YOUR OBJECTIVE: Print the whole listing exactly as it appears, but skip the pictures.

EXERCISE DATA:

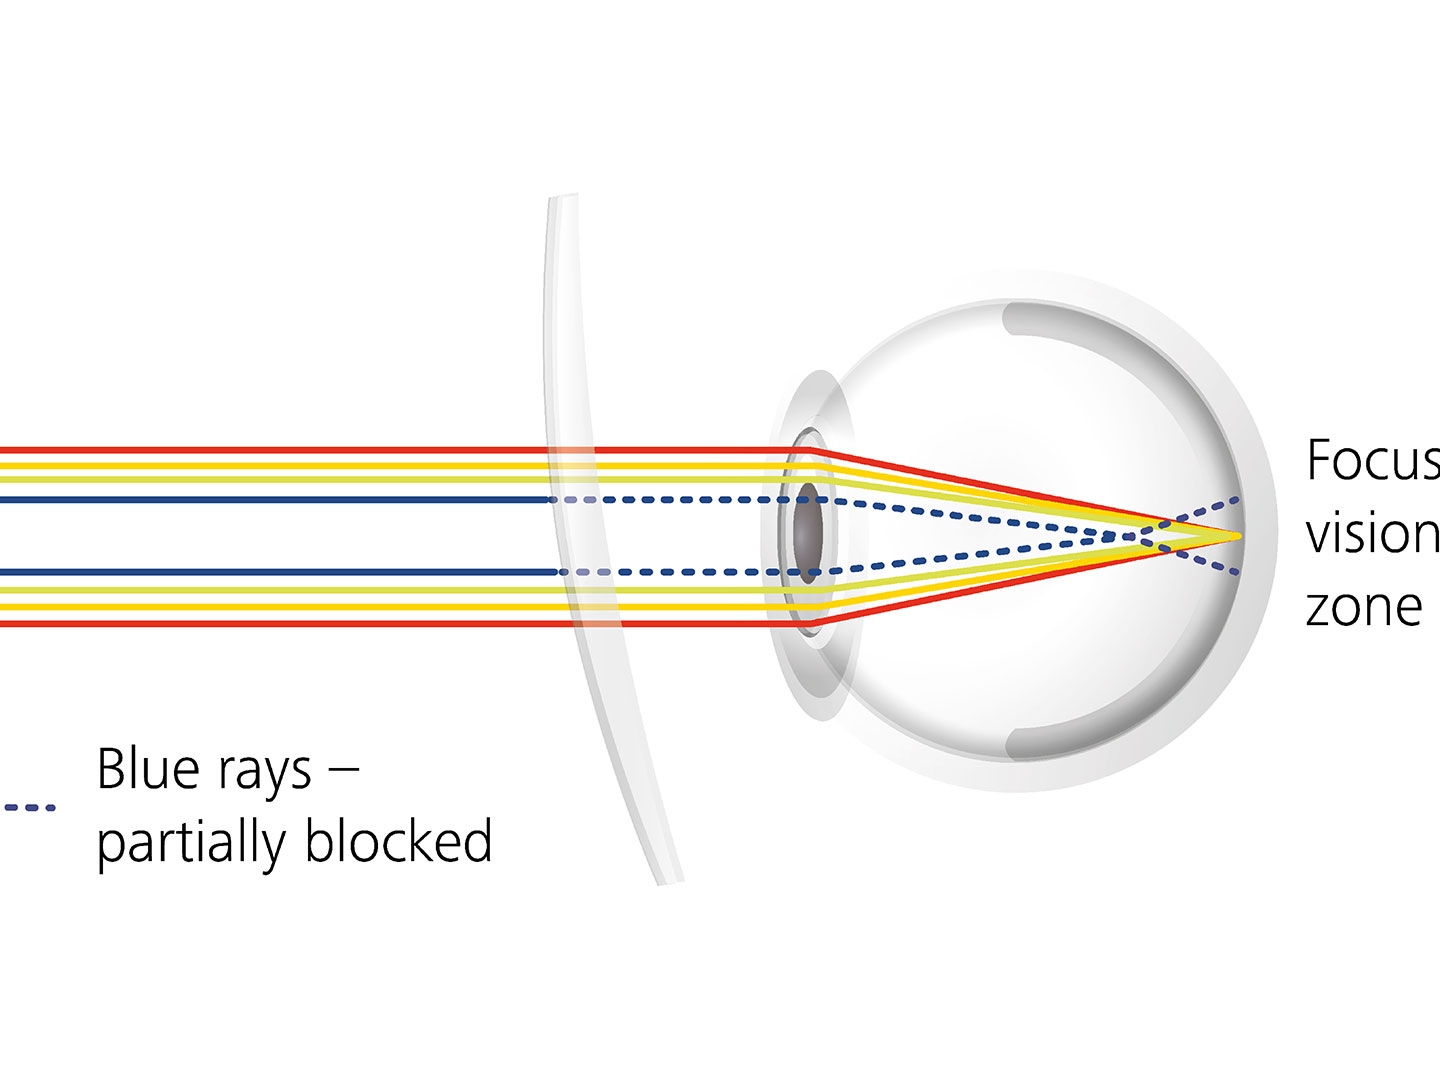 Wizualizacja tego, jak powłoki soczewek mogą redukować odblaski poprzez częściowe blokowanie niebieskiego promieniowania 
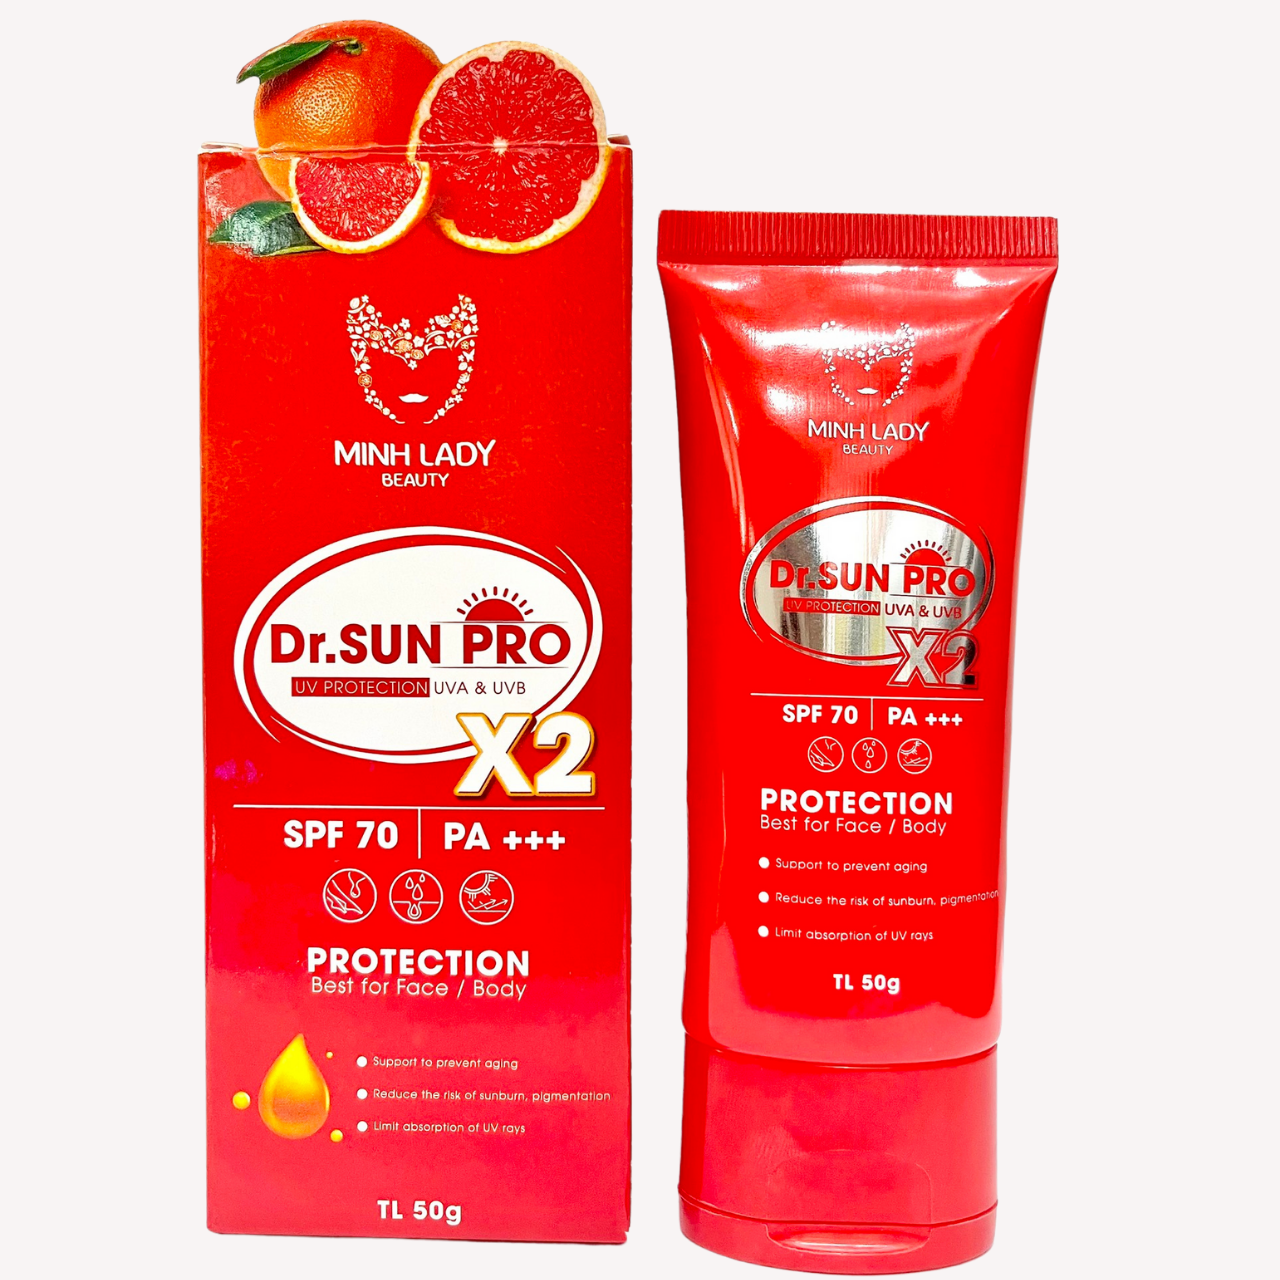 Kem chống nắng Dr.Sun Pro Minh Lady Beauty SPF 70 PA +++ tuyp 50gr dành cho mọi loại da Mụn nám dầu
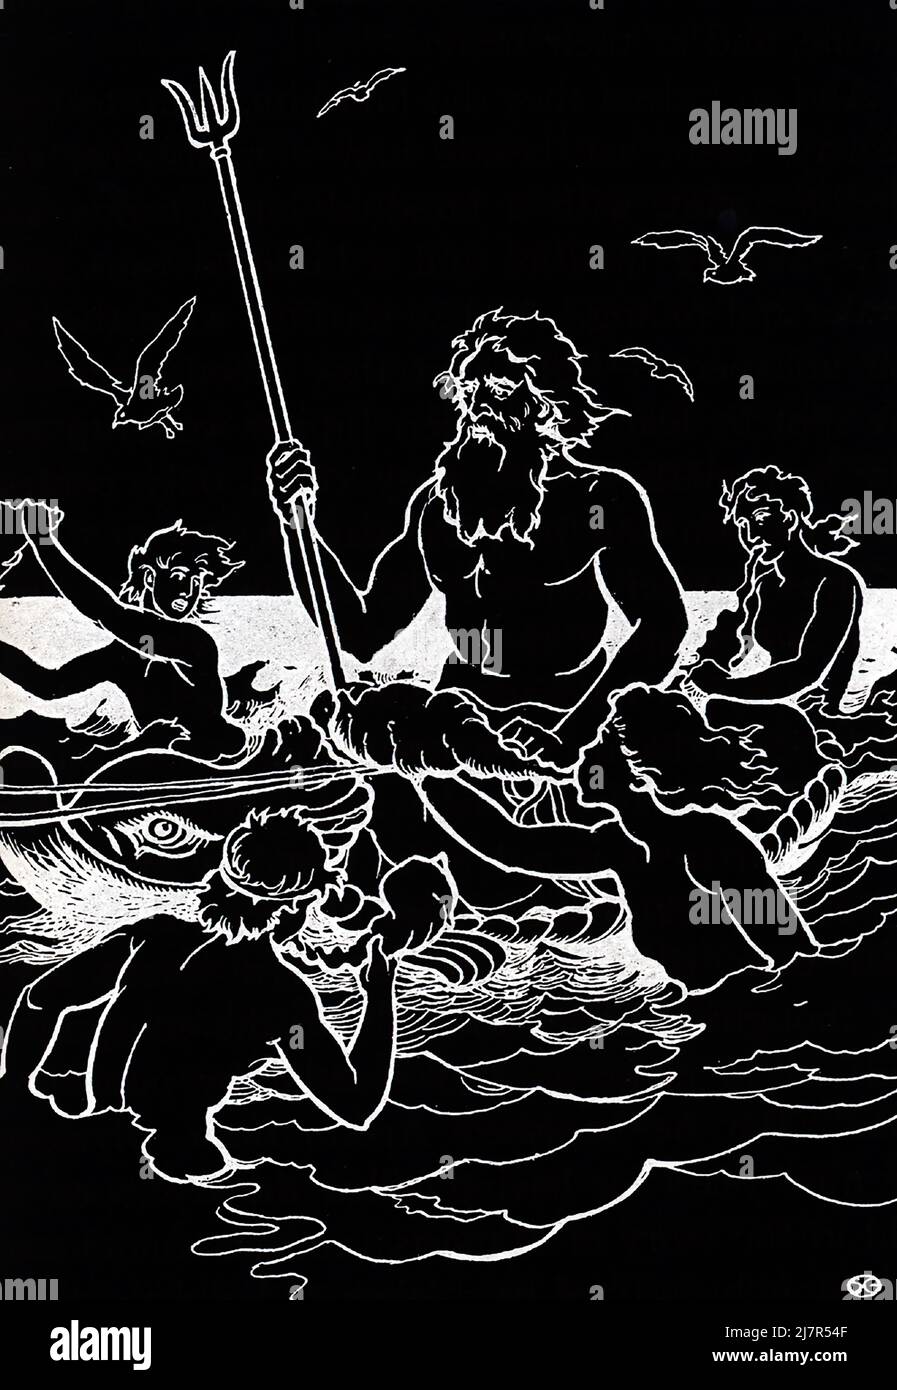 In der antiken römischen Mythologie war Neptun der gott des Meeres. Für die alten Griechen war er Poseidon. Er wird oft mit langen Haaren gezeigt und trägt einen bärtigen, sowie einen Dreizack, einen dreizackigen Speer, der zum Fischen verwendet wird und der oft mit diesem gott in Verbindung gebracht wird. Stockfoto

ANSWER AREA:
 Wizualizacja tego, jak powłoki soczewek mogą redukować odblaski poprzez częściowe blokowanie niebieskiego promieniowania 
 Kem chống nắng Dr.Sun Pro Minh Lady Beauty SPF 70 PA +++ tuyp 50gr dành cho mọi loại da Mụn nám dầu
 In der antiken römischen Mythologie war Neptun der gott des Meeres. Für die alten Griechen war er Poseidon. Er wird oft mit langen Haaren gezeigt und trägt einen bärtigen, sowie einen Dreizack, einen dreizackigen Speer, der zum Fischen verwendet wird und der oft mit diesem gott in Verbindung gebracht wird. Stockfoto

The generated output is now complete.